The neural network that paintings picture was trained into input according to the method for any one of claim 7-10 exports in described Hold Tag Estimation probability, subject matter Tag Estimation probability and class label prediction probability.

12. recognition methods according to claim 11, which is characterized in that

Random interception amplification is carried out to the picture, the picture and amplified picture are inputted into the neural network, output The first predicted vector of class label；

The picture is inputted into the neural network trained, exports the second predicted vector of class label, subject matter Tag Estimation Vector sum content tab predicted vector；

The first predicted vector of class label and the second predicted vector of class label are subjected to sum-average arithmetic, it is average to obtain class label Vector；

Using in class label average vector by softmax function calculating after the highest class of numerical value as the class of the paintings Subject matter Tag Estimation vector sum content tab predicted vector is passed through sigmoid activation primitive, obtains institute by distinguishing label prediction probability State subject matter Tag Estimation probability and content tab prediction probability.

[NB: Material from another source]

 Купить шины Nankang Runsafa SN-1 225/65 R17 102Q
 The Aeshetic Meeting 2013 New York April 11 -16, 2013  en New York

13. a kind of computer readable storage medium, is stored thereon with computer program, which is characterized in that the program is by processor It is realized when execution:

Training method as described in any one of claim 7-10；Or

Recognition methods as described in claim 11 or 12.

14. a kind of computer equipment including memory, processor and stores the meter that can be run on a memory and on a processor Calculation machine program, which is characterized in that the processor is realized when executing described program:

Training method as described in any one of claim 7-10；Or

Recognition methods as described in claim 11 or 12.